In the NIFTY BANK 1-day chart above, you can see a bearish counter candle pattern forming after an uptrend. As discussed in the article, the price has entered a downward trend since its formation.

When a bearish counter candlestick pattern was formed, traders could take a short position at Rs. 28257.35 and the stop loss was Rs. 26406

Highlights of the Bearish counterattack pattern

composition: In a bearish reversal candlestick pattern, the first candlestick is a rising candlestick and the second candlestick is a falling candlestick that starts with a rising gap and closes at the previous candlestick’s close.
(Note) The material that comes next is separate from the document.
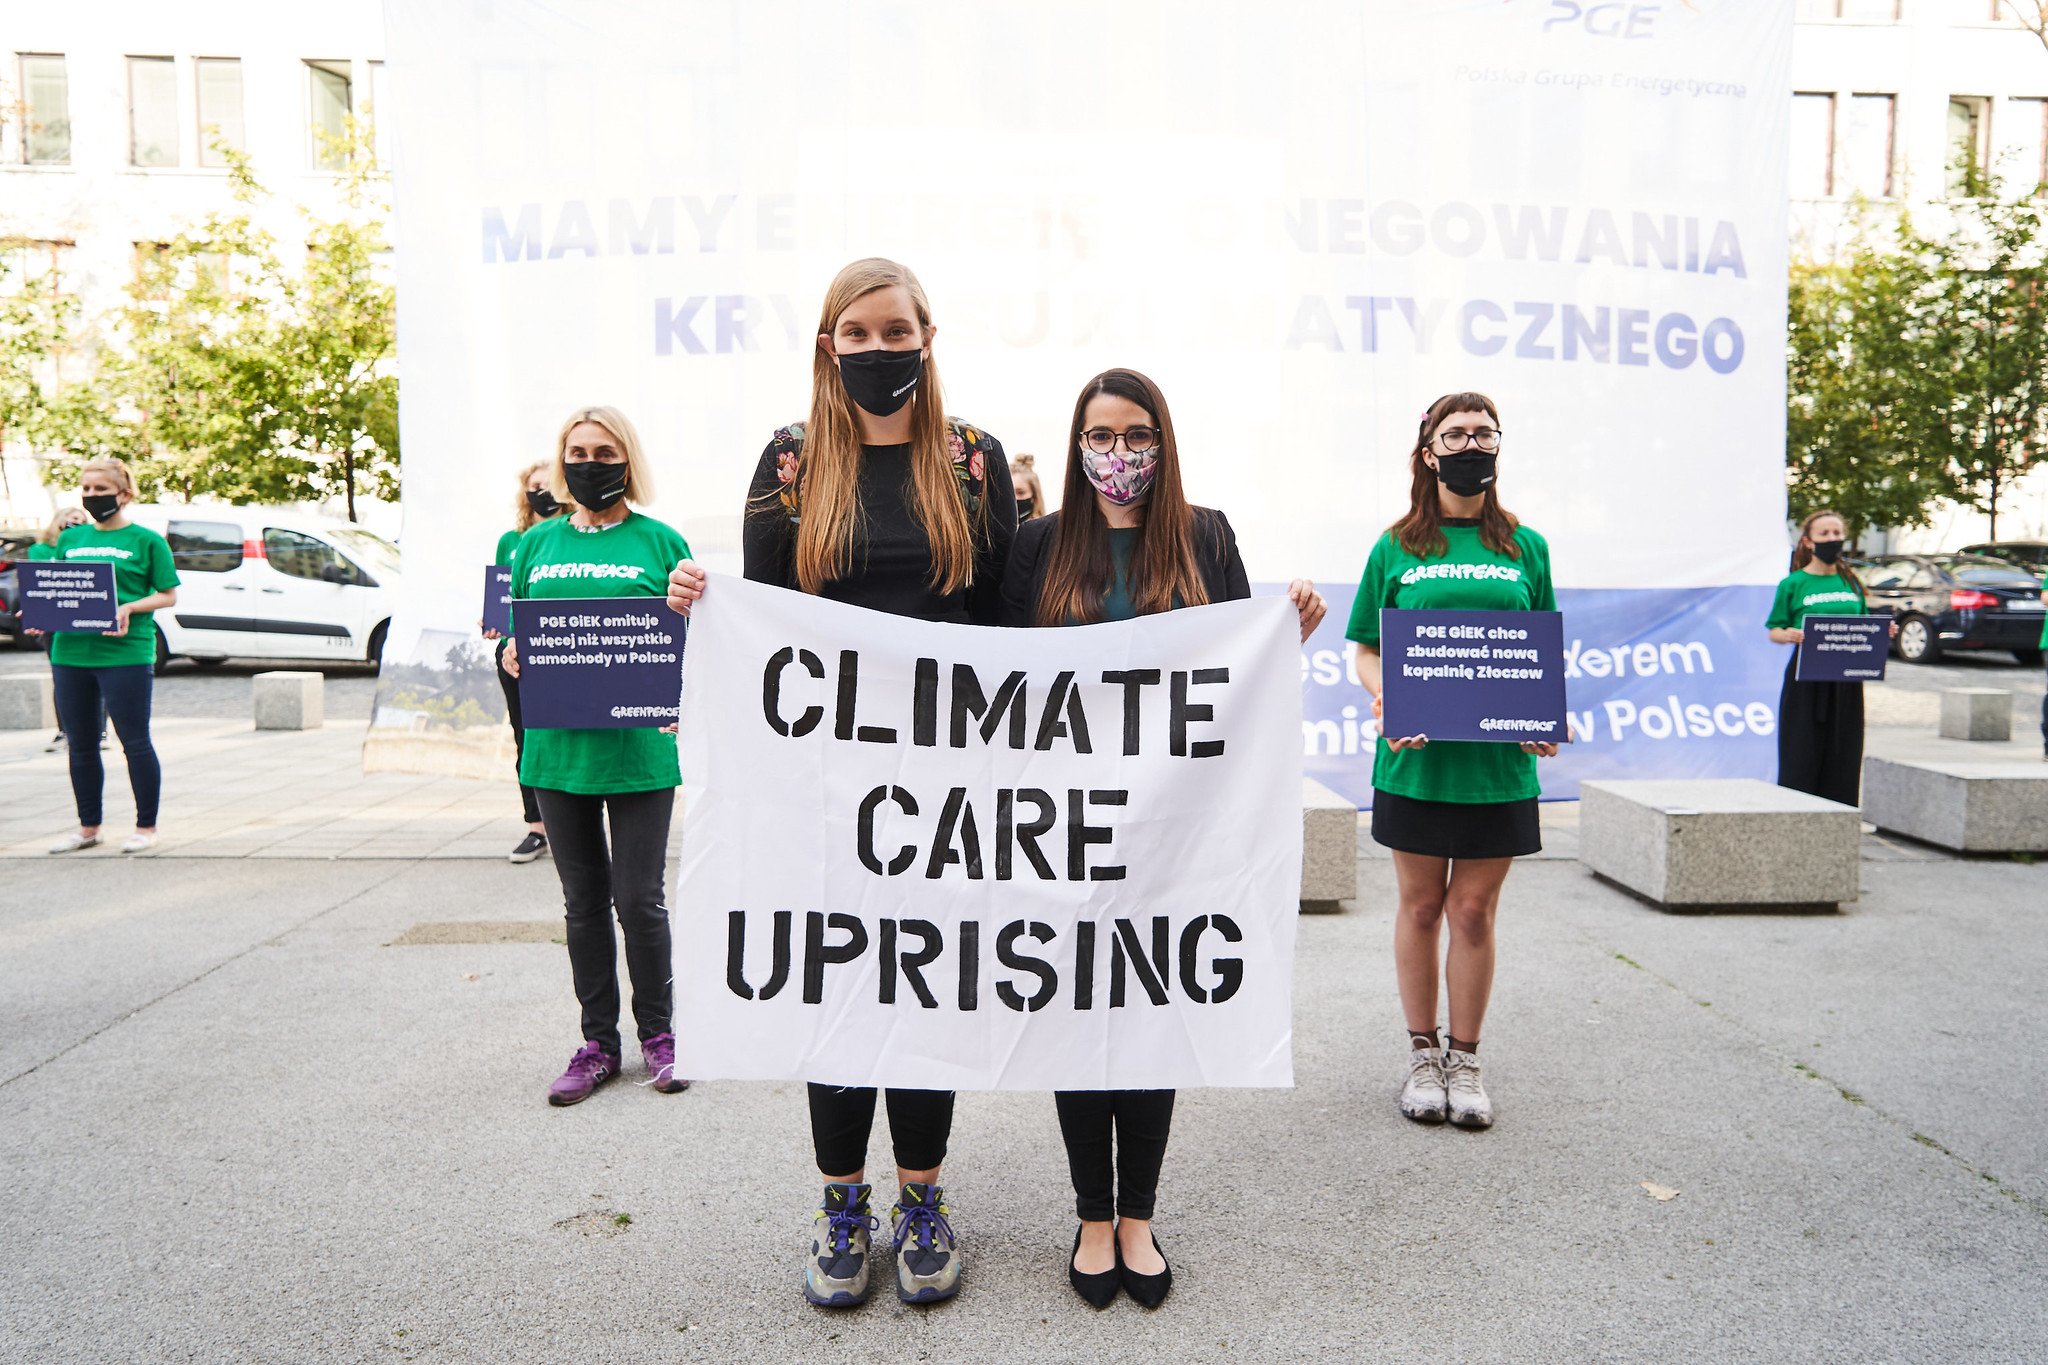 Polish activists stand up for the climate, in the climate care uprising. © Max Zieliński / Greenpeace

mark: This signals a potential trend reversal as buying pressure is waning and sellers are trying to overcome the buying pressure.

Volume: A bearish counter candlestick pattern combined with high bearish volume is a strong signal of a potential trend reversal.

tendency: The best scenario for this pattern to occur is during an uptrend as the likelihood of a bearish reversal increases.

read more: Bullish counterattack candlestick pattern

conclusion

Bearish retracement candlestick patterns are not often observed in the markets, but traders should know what they mean and how to trade them. This pattern can provide early signs of a trend reversal, but it is necessary to combine it with other indicators to confirm a trend reversal before entering a trade.

Additionally, traders are advised to place an appropriate stop loss order to minimize losses if a trade goes against their analysis. What are your views on this candlestick pattern? Let us know through the comments section.